LIVESTOCK, NUTRITION & FOOD INDUSTRY |
— CDC deploys team to Washington state after suspected human avian flu cases. The CDC is sending a team to Washington state following reports of four suspected human infections of highly pathogenic avian influenza (HPAI) among workers involved in poultry depopulation. If confirmed, Washington would become the sixth state with human HPAI cases, adding to the 27 cases previously reported. California and Washington are vaccinating farm workers to reduce the risks of both HPAI and seasonal flu. The CDC noted inconsistent use of protective gear at the affected site, where over 800,000 birds were culled. While the public health risk remains low, exposure to infected animals increases the chance of contracting HPAI.
— USDA expands D-SNAP to more counties in Georgia and Florida after hurricanes. USDA expanded the availability of the Disaster Supplemental Nutrition Assistance Program (D-SNAP) to additional counties in Georgia and Florida in response to the impacts of Hurricanes Helene and Milton.
Georgia expansion. USDA has added five more counties in Georgia to the list of areas eligible for D-SNAP benefits. The newly added counties are Dodge, McIntosh, Taliaferro, Thomas and Warren. This expansion brings the total number of eligible areas in Georgia to 112 counties and one Tribe. The D-SNAP program in Georgia will be implemented in four phases, with specific application dates for different groups of counties.
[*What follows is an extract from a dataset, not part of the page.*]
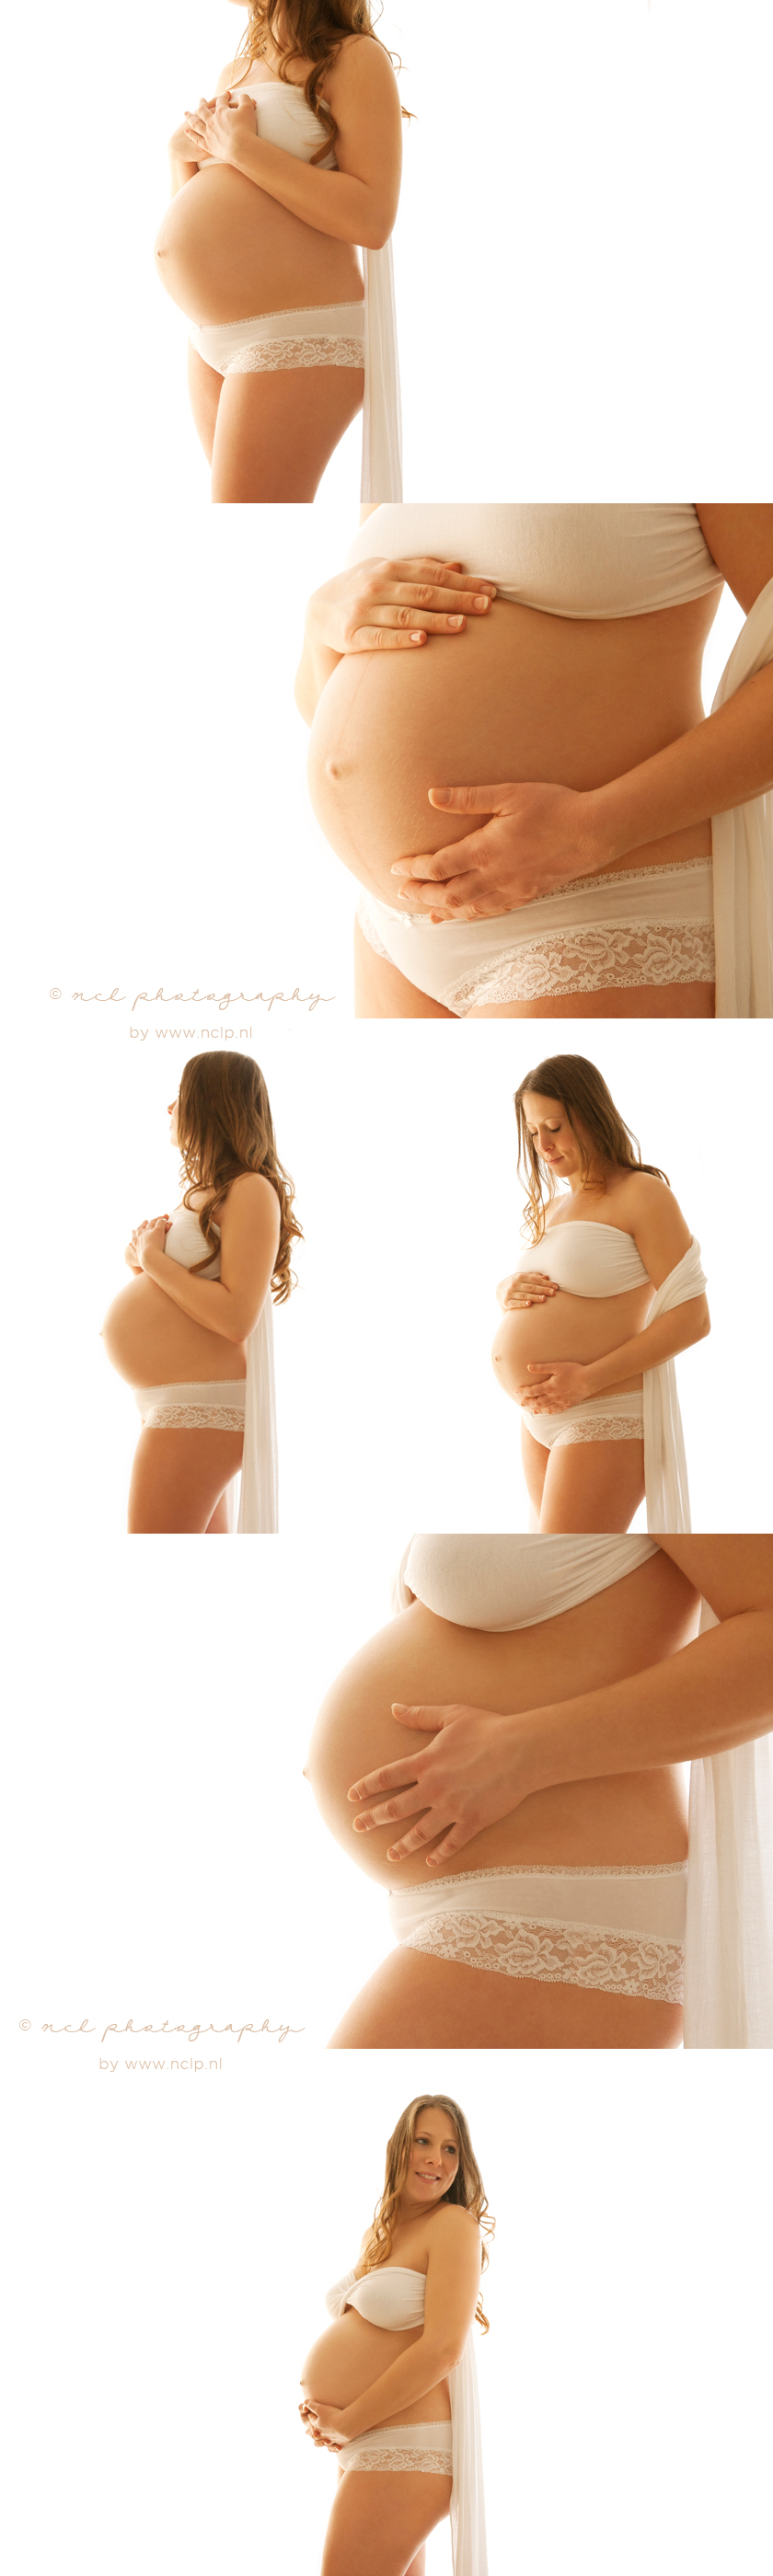 NCL Photography-amsterdam-maternity-blog-zwangerschapsfotografie-018

In Florida, approximately 407,733 households across 24 counties are estimated to be eligible for D-SNAP relief. The state will operate its D-SNAP application process in three phases, though specific dates were not provided in the search results.
D-SNAP is designed to provide food assistance to low-income households that suffer food loss or damage resulting from a natural disaster. Key points about the program include:
Eligibility: Households must live in an identified disaster area, have been affected by the disaster, and meet certain D-SNAP eligibility criteria.
Benefit amount: Eligible households receive one month of benefits equal to the maximum monthly amount for a SNAP household of their size.
Usage: Benefits can be used to purchase groceries at SNAP-authorized stores or from select retailers online.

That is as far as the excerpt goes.